Amazon Simple DB currently enables individual domains to grow up to 10 gigabytes each. If your data set is larger than 10 gigabytes, simply take advantage of Amazon Simple DB's scale out architecture and spread your data over multiple domains. Since Amazon Simple DB is designed with parallelism in mind, spreading your data over more domains will also increase your write and read throughput potential. You are initially allocated a maximum of 250 domains. To use Amazon Simple DB, you should build your data set by choosing a region for your domain or domains to optimize for latency, minimize costs, or address regulatory requirements. Create and manage query domains and then create and manage the data set within each query domain. Also retrieve your data by using get attributes to retrieve a specific item, and use select to query your data for items that meet specific criteria. To get set up, you need to have an AWS account and get your AWS access key ID and secret access key and install the Amazon Simple DB scratchpad. The Amazon Simple DB is not an AWS console, so you need to download and use this simple html and javascript application that allows you to explore the Amazon Simple DB API without writing any code.
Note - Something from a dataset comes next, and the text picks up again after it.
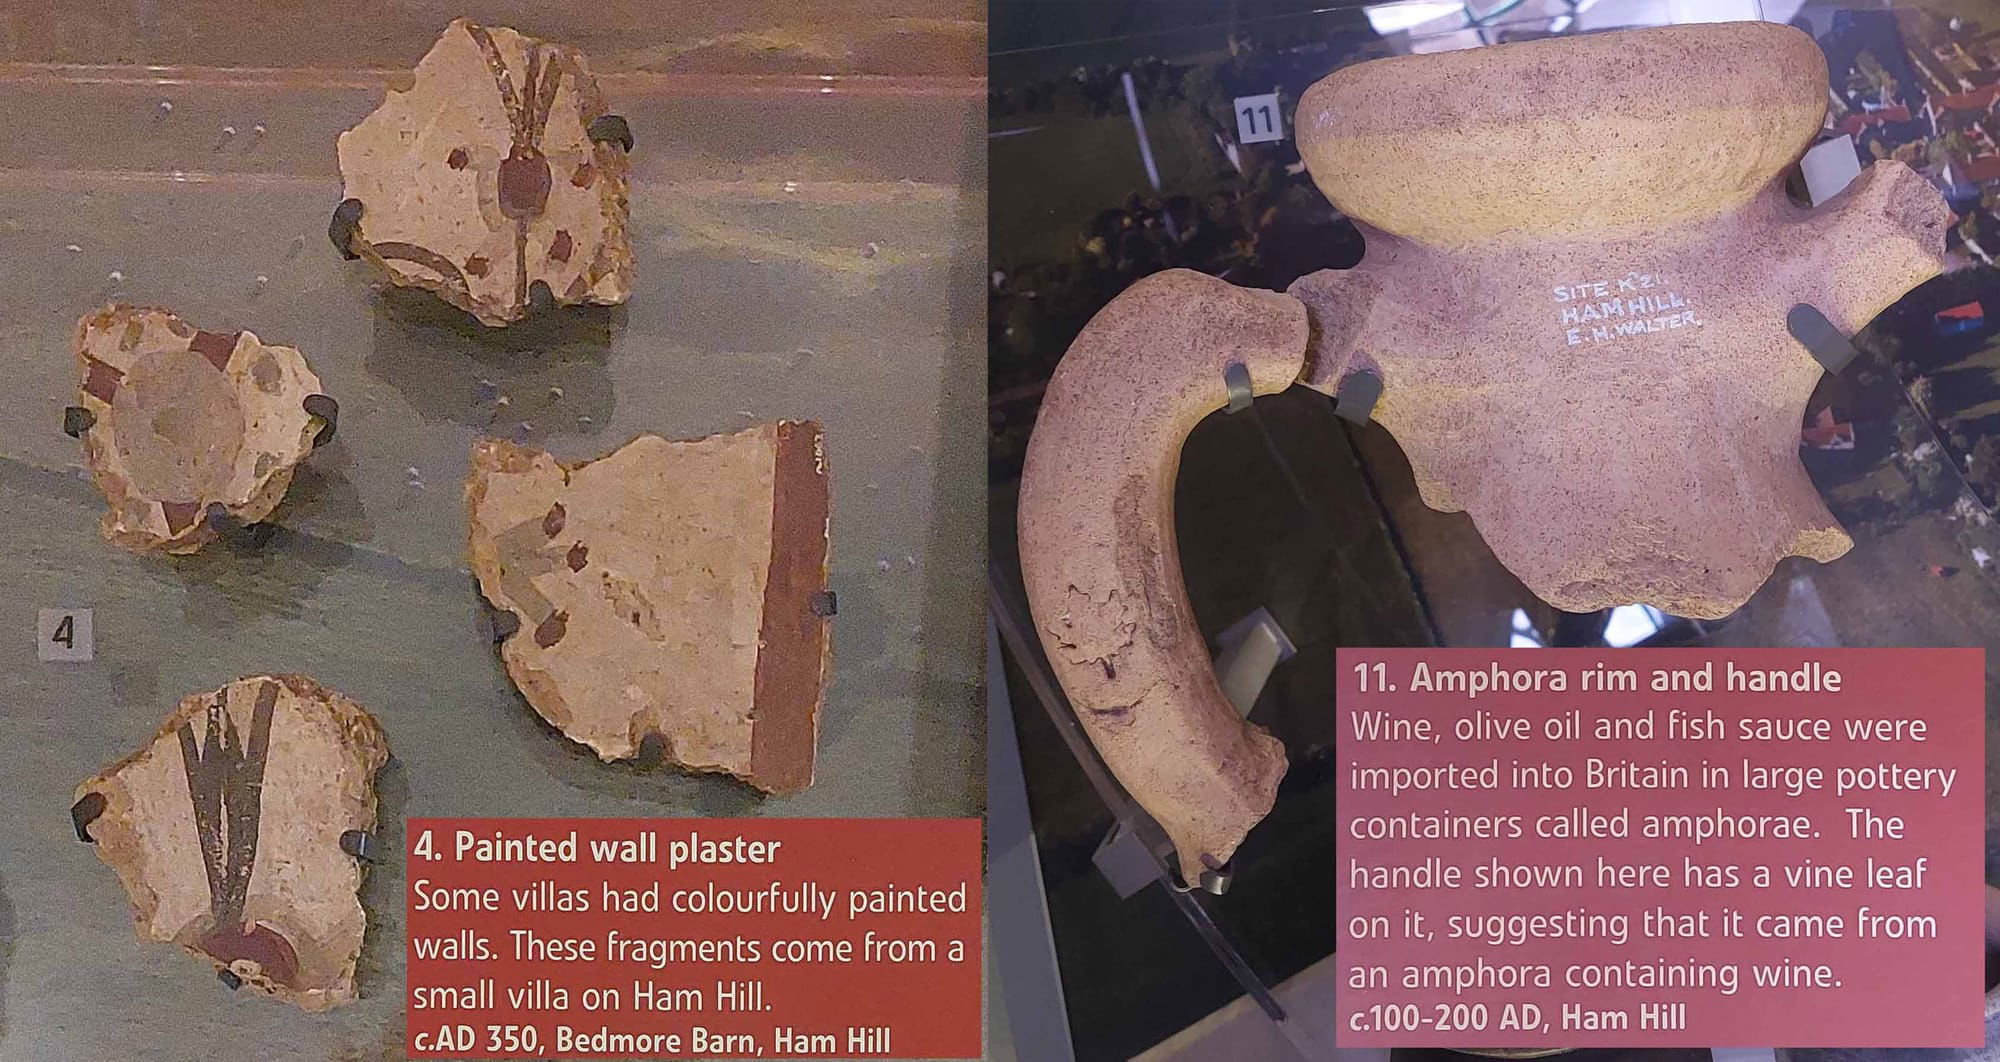 photo of fragments of painted wall paster and the rim and handle from  pottery amphora with a dull textured surface, looks like a pin-coloured clay

Also, instead of this web application, you can use other applications, like SDB Explorer SDB Tool, which are plugins for Simple DB and Firefox or SDB Navigator, which is a plugin for Google Chrome. After downloading and extracting the scratchpad files, navigate to web app folder within the folder where you extracted the scratchpad and open the index.html file with a web browser. As you can see, the welcome pad appears. Now you need to copy and paste your AWS access key ID and AWS secret access key in the specified boxes.
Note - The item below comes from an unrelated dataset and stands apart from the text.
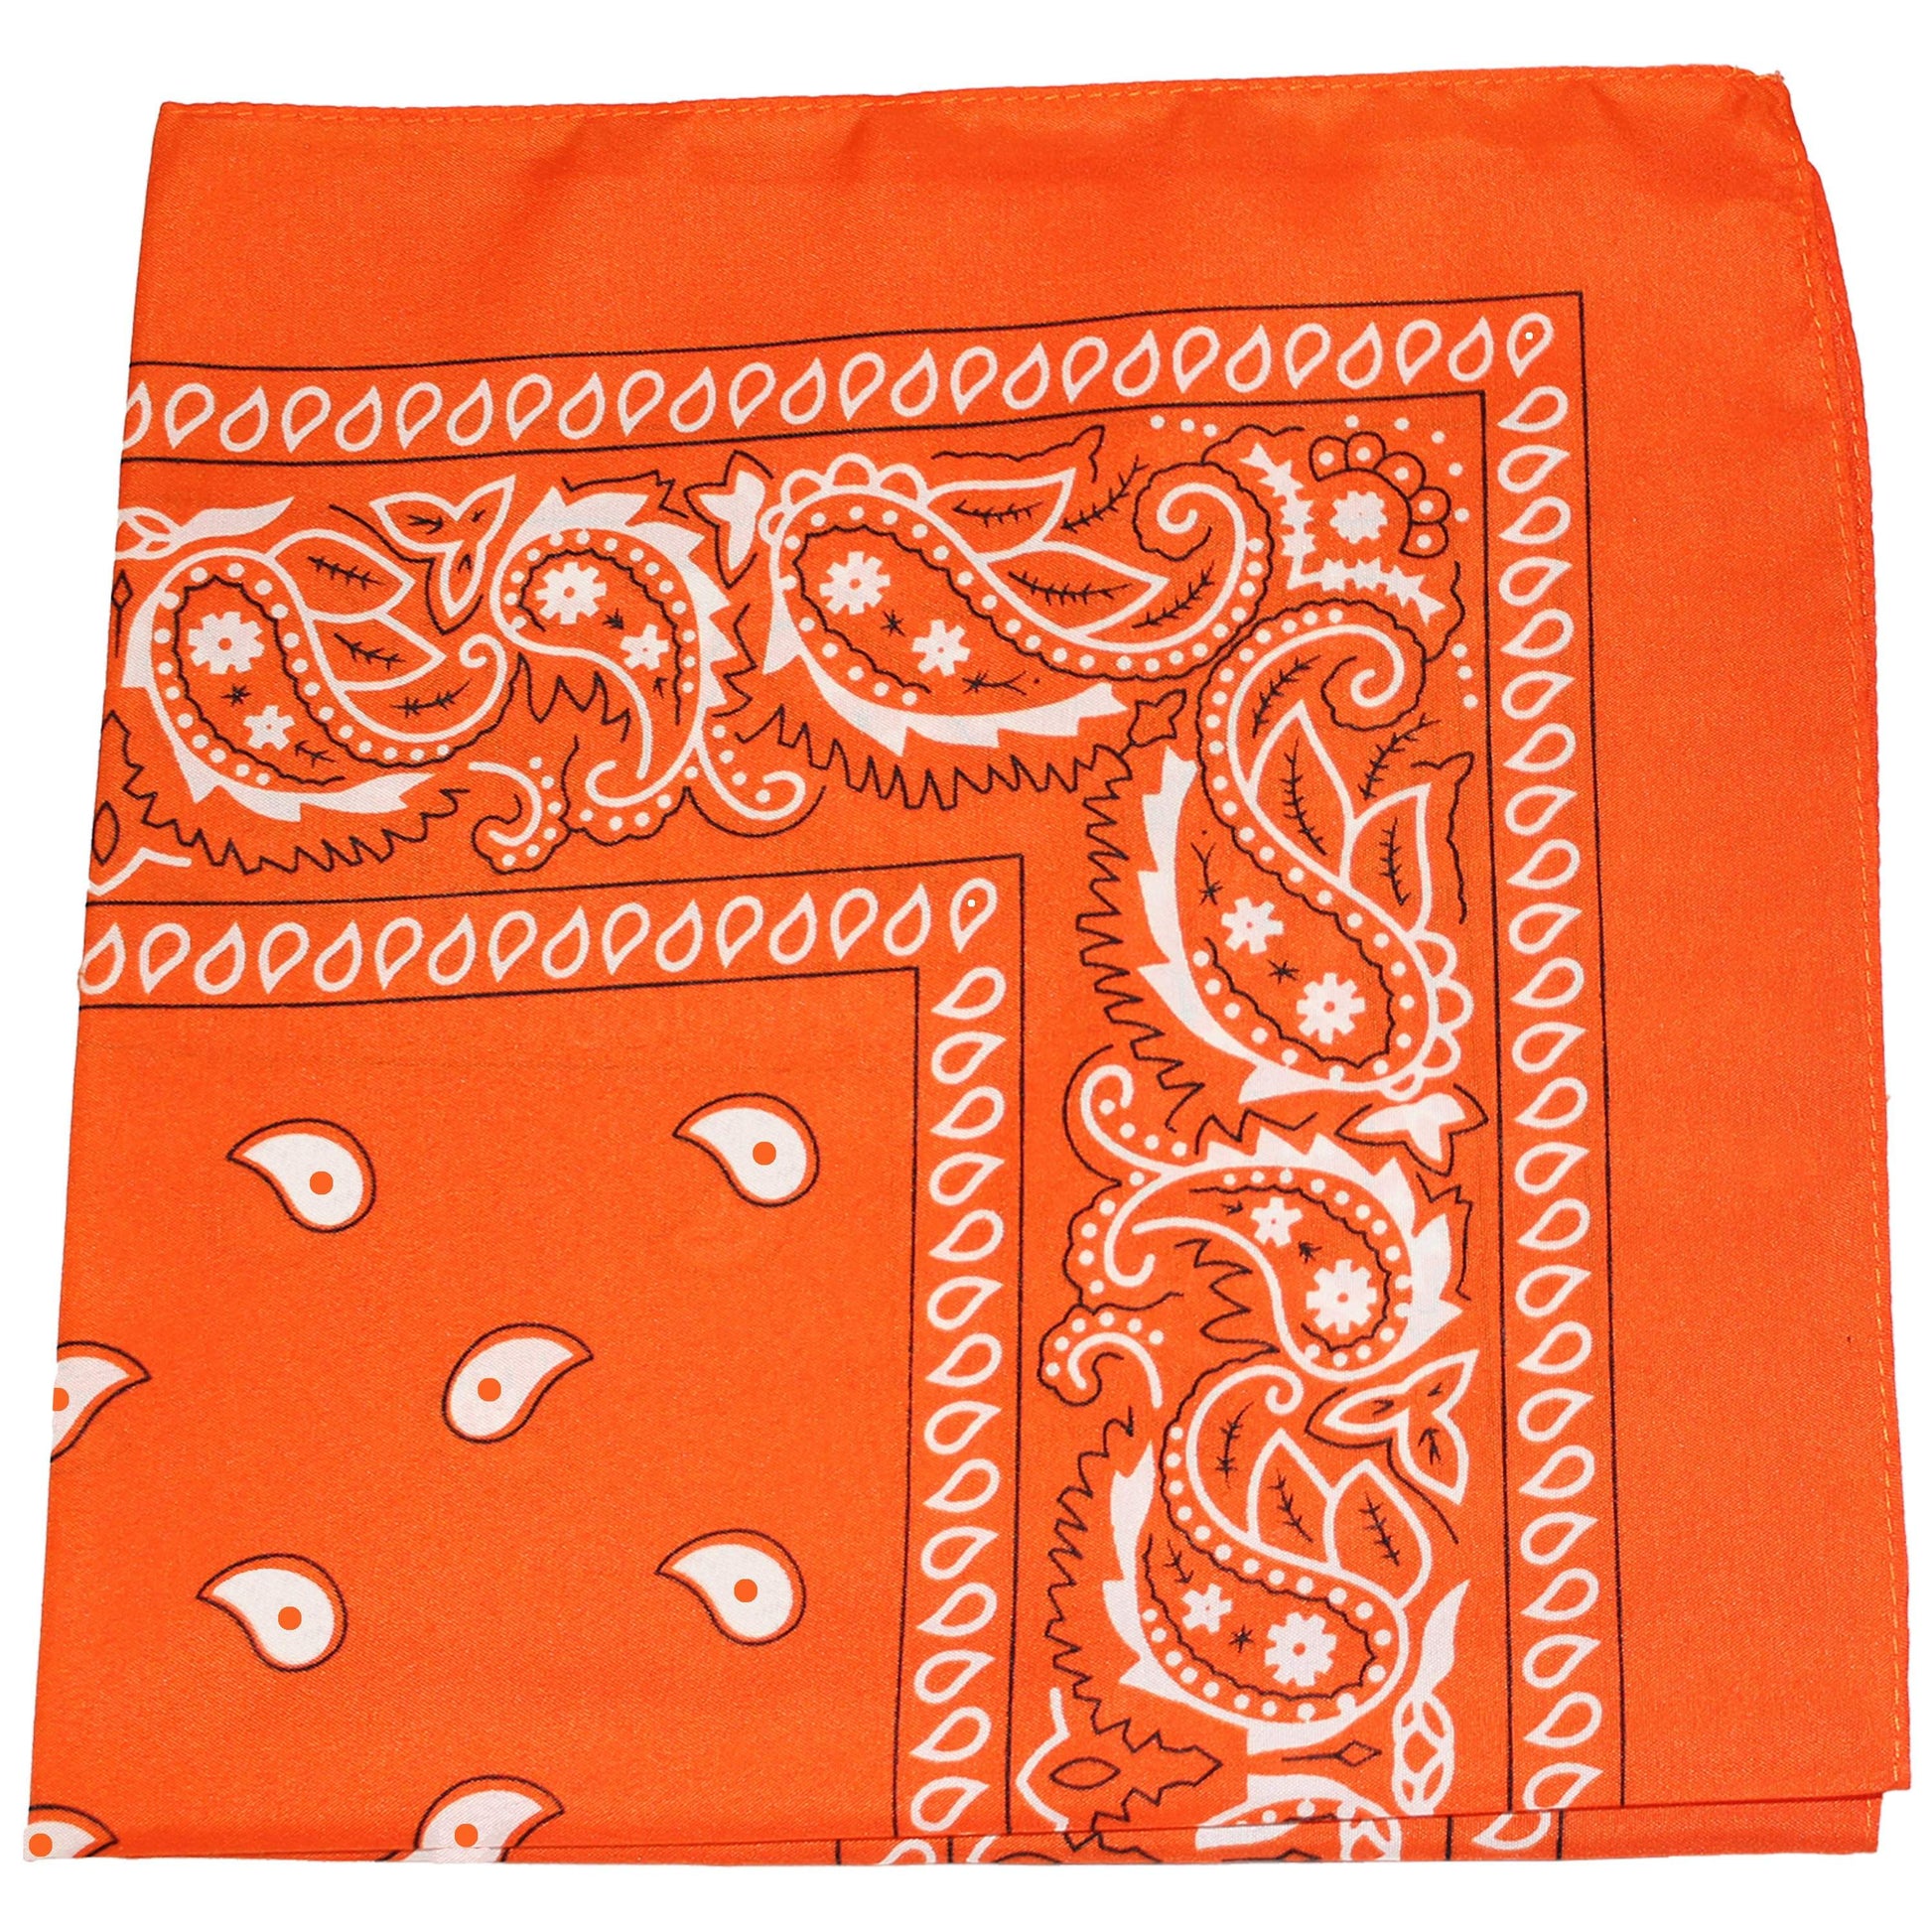 Mechaly Paisley 100% Cotton Double Sided Bandanas - 36 Pack

The first step in storing data within Amazon Simple DB, is to create one or more domains. As mentioned before, domains are similar to database tables, except that you can't perform functions across multiple domains, such as querying multiple domains or using foreign keys. As a consequence, you should plan on Amazon Simple DB data architecture that will meet the needs of your project. But note that although the Simple DB API does not perform queries across multiple domains, you can design your applications to perform queries across multiple domains.

To create and verify a domain, select create domain from the scratchpad explorer API list box. As you can see, the create domain page appears. Enter your preferred name for your domain in domain name box, like My Store and then click on the invoke request button. You can see, Amazon Simple DB returns a response. To verify the domain was created successfully, select list domains from the scratchpad explorer API list box. As you can see, the list domains page appears. After creating a domain, you're ready to start putting data into it. For this step, select put attributes from the scratchpad explorer API list box. As you can see, the put attributes page appears. Now, in the domain name box, write the name of the domain you created before. As you can see, we write My Store. And then in the item name box, type the name of the item, like item_01. Okay. Now you can add different attributes to this item in the attributes section. Write a name for the first attribute in the name box and specify its value in the value box.

Now you can add more attributes by clicking on the plus. And finally, click on invoke request. As you can see, we add some items in attributes for them in our domain.

After putting data into the domain, we can run queries against the domain to find items that match our criteria. According to the data we put in the domain, to query the domain for items, select, select from the scratchpad explorer API list box. In the select expression box, write a query in this format, then click on invoke request.

Amazon Simple DB returns items according to the entered data. Note that, at any time, you can modify items, delete attributes of items, or just delete items.

But if you delete the whole domain, all the data in that domain is permanently deleted and it's not going to be recoverable.